Śnieżny marzec, taki jak tegoroczny, nie jest częstym zjawiskiem w Polsce, szczególnie ostatnich kilkunastu latach. Jednak mimo śniegu, klimatolodzy wciąż nie wykluczają terminowego nadejścia wiosny.
Klimatolodzy doszukują się podobieństwa między zimą tegoroczną a tą z przełomu lat 1978 i 1979. Od tamtego czasu nie było tak śnieżnej zimy. W kolejnych latach z różną częstością przychodziły do nas zimy normalne albo ciepłe, z kilkoma mroźniejszymi, ale nie bardziej śnieżnymi – powiedziała w środę PAP prof. Halina Lorenc z Instytutu Meteorologii i Gospodarki Wodnej w Warszawie.
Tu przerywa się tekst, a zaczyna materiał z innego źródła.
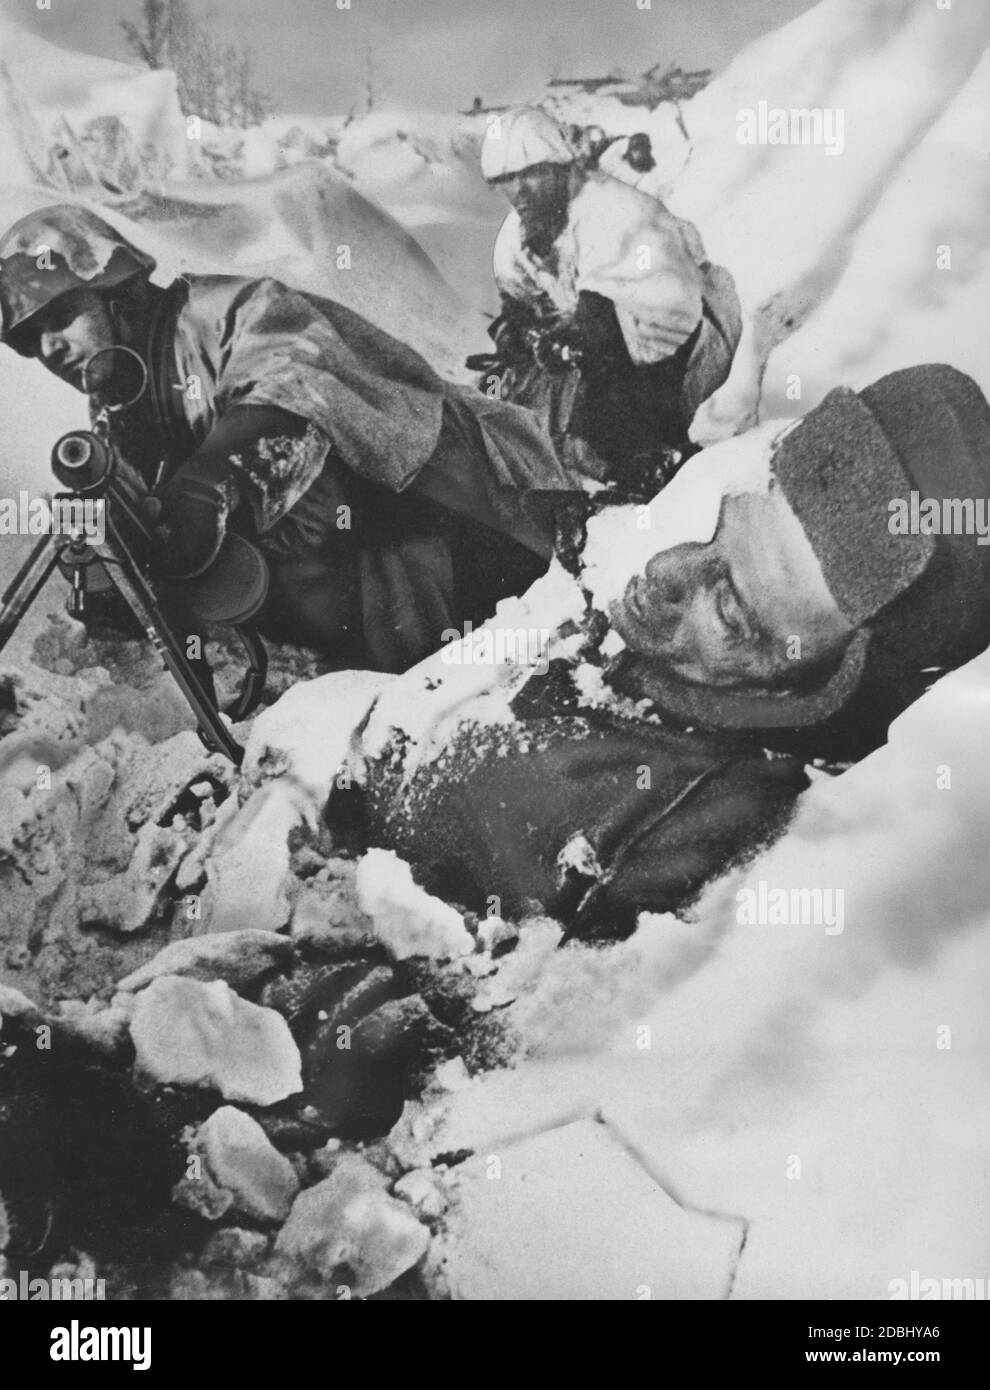 Soldati con una mitragliatrice MG 34 dietro un soldato caduto dell'Esercito Rosso in una trincea nella zona di Stalingrado. Foto Stock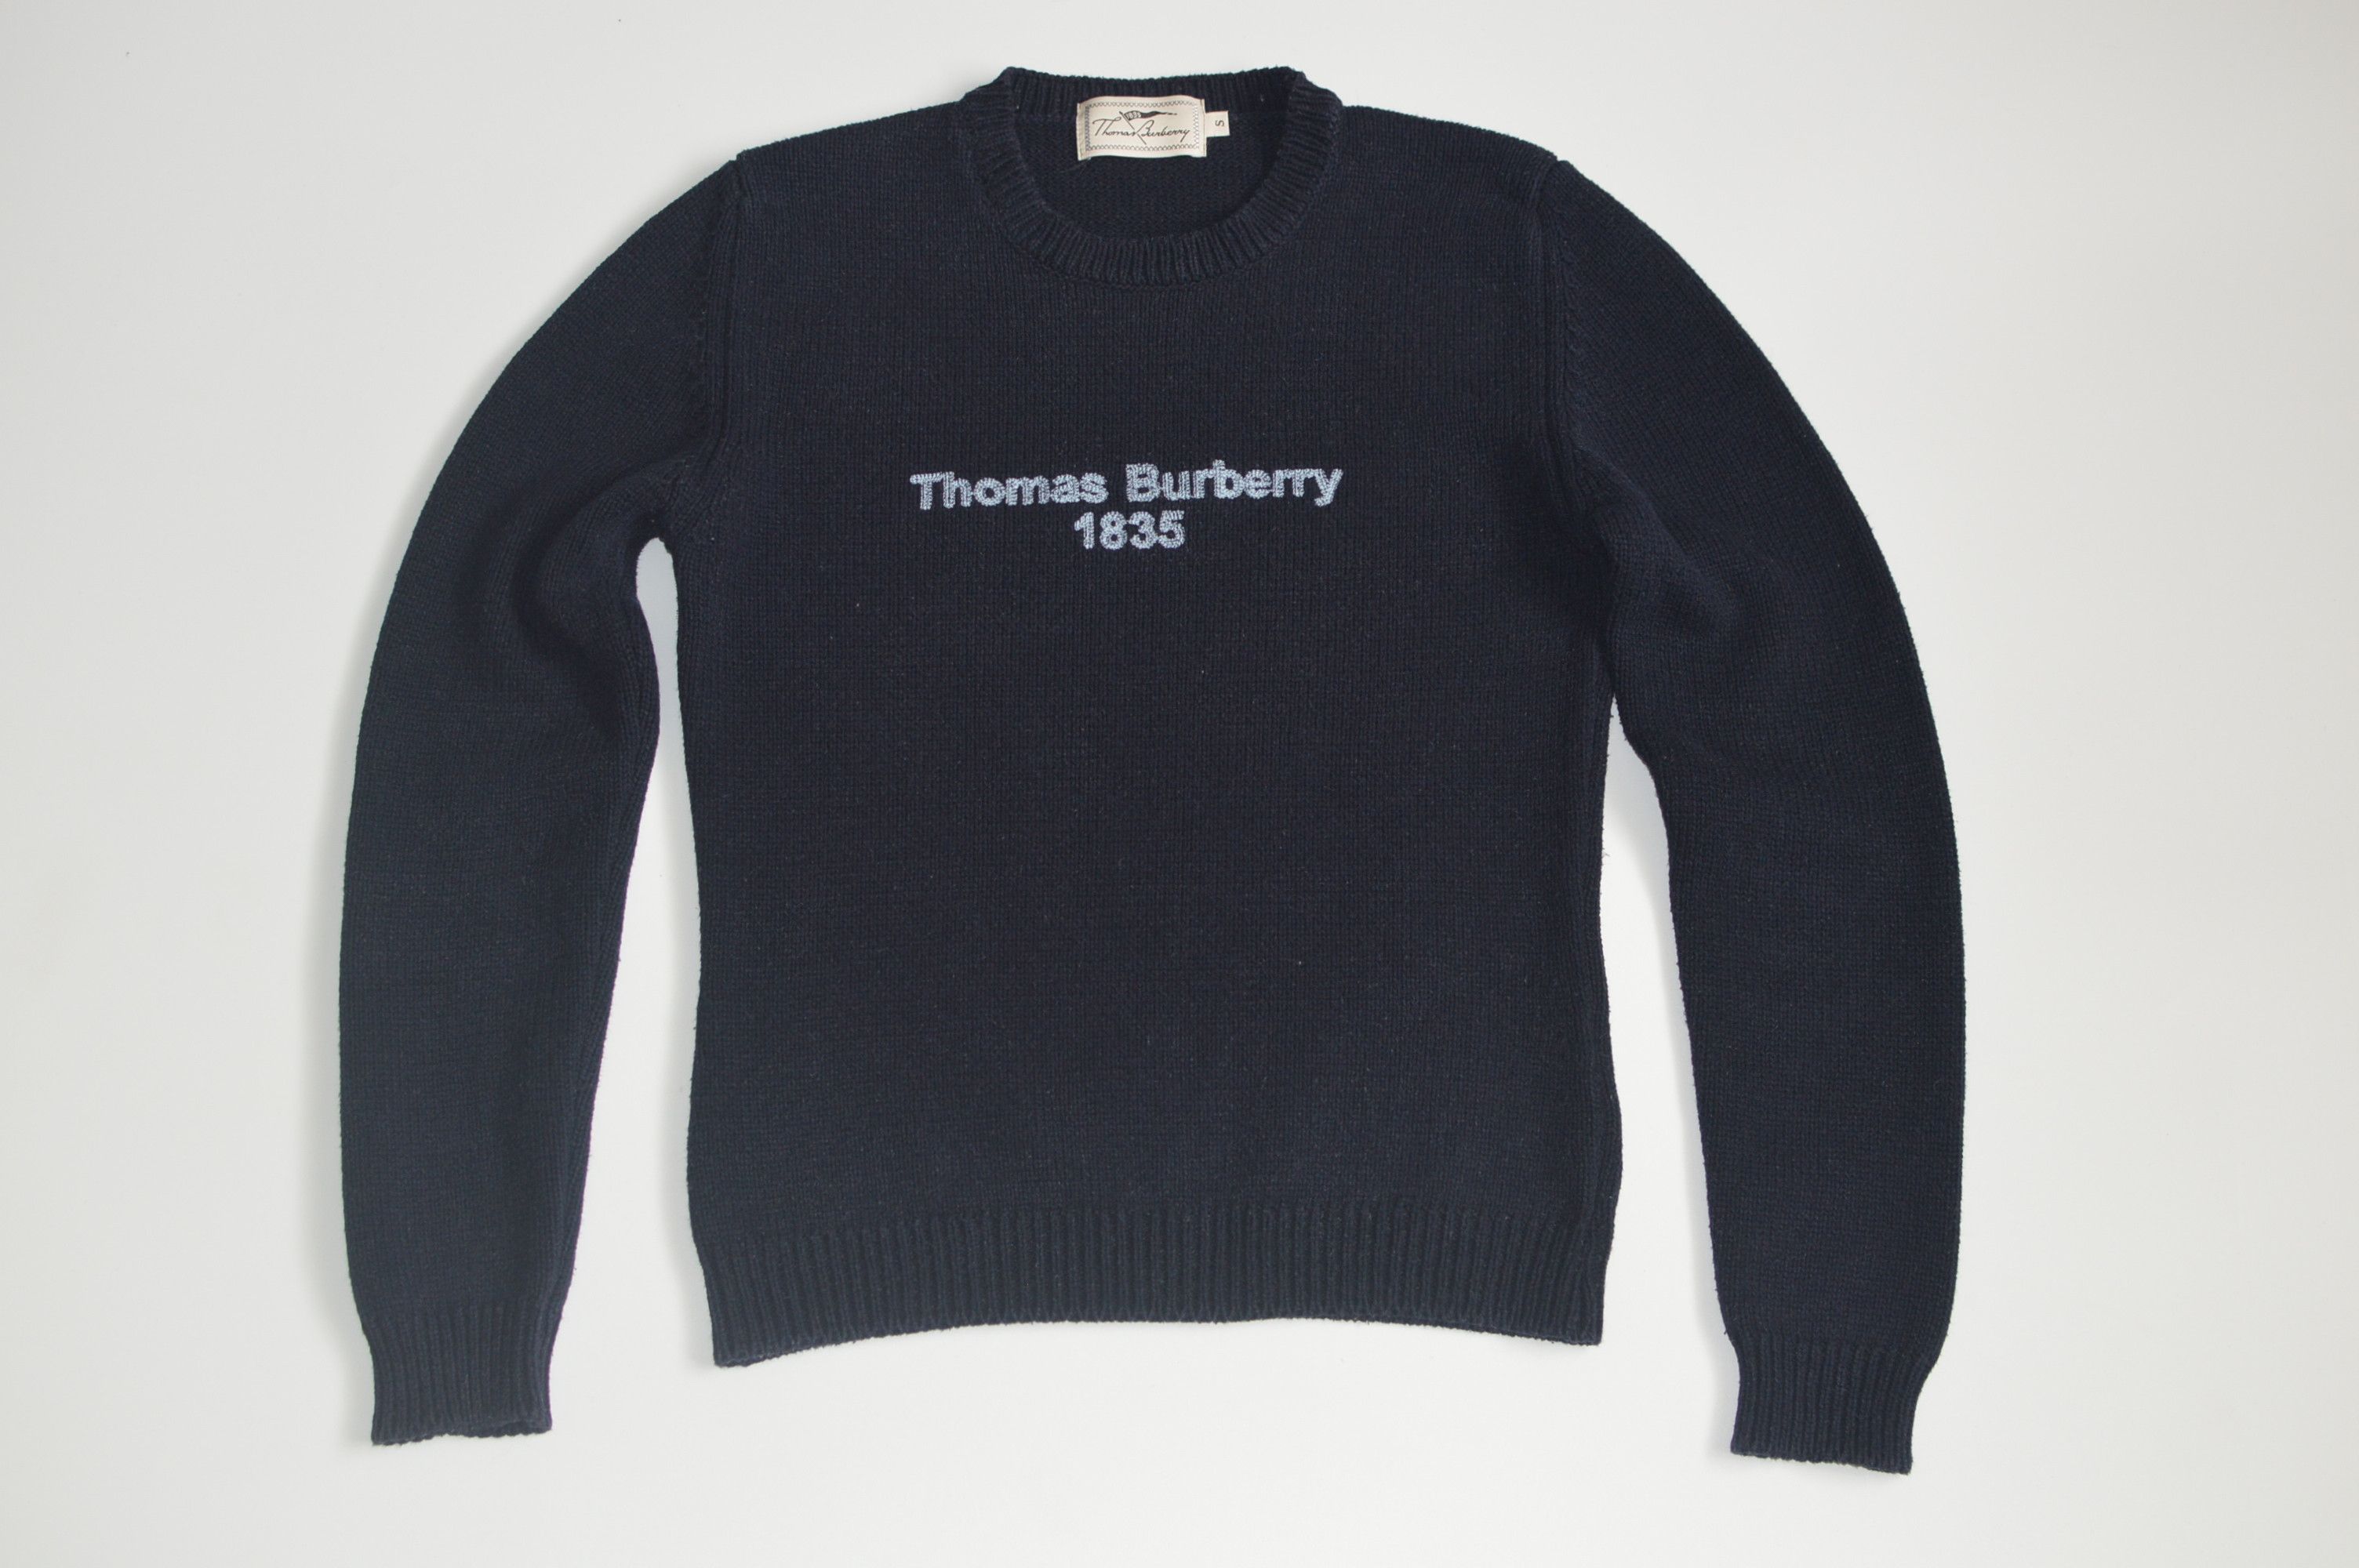 Vintage Vintage Thomas Burberry 1835 Sweater Wmns Size US S / EU 44-46 / 1 - 1 Preview

Jak przypomniała, spadły w ostatnim dniu grudnia 1978 r. śnieg zalegał później, w różnych częściach Polski, niekiedy aż do kwietnia. W wysokich partiach gór leżał do maja-czerwca.
Nie mówię, że w tym roku również nas to czeka. Mówię jedynie o zauważalnym do tej pory podobieństwie – zastrzegła prof. Lorenc.
Porównując wysokość pokrywy śnieżnej sprzed 26 lat i obecnej prof. Lorenc przypomniała, że w zimie 1978/1979 r. na Kasprowym Wierchu leżało 165 cm śniegu (teraz mamy go tam 210 cm), a na Śnieżce - 135 cm (w środę było go tam o ponad metr więcej).
Prof. Lorenc nie wyklucza, że mimo tegorocznej obfitości śniegu, wiosna termiczna może jeszcze nadejść w terminie. Klimatolodzy ogłoszą ją, gdy przez co najmniej trzy dni średnia dobowa temperatura utrzyma się pomiędzy 5 a 10 stopni C.
Zarówno przedwiośnie, jak i wiosna, przychodzą do nas z zachodu – przypomniała profesor. Z wieloletnich badań wynika, że w rejonie Niziny Śląskiej termiczna wiosna pojawia się około 25 marca, w rejonie Warszawy można jej oczekiwać około 30 marca, a w rejonie Suwałk - 5 kwietnia. Mamy jeszcze szansę, by w terminie ją powitać – powiedziała.
Tymczasem z przedwiośniem mamy do czynienia, gdy przez trzy-pięć dni temperatura ustali się w granicach 0-5 stopni. W tej chwili temperatury balansują w okolicy zera, czasem lekko poniżej. Trwa na razie termiczna zima, ale ciepła i łagodna – mówiła klimatolog.
Na podstawie lat obserwacji wiemy, że na zachodzie Polski przedwiośnie powinno się pojawić już 20 stycznia, a na Podlasiu - około 10 marca. Zależnie od rejonu, trwa ono od 30 do 60 dni.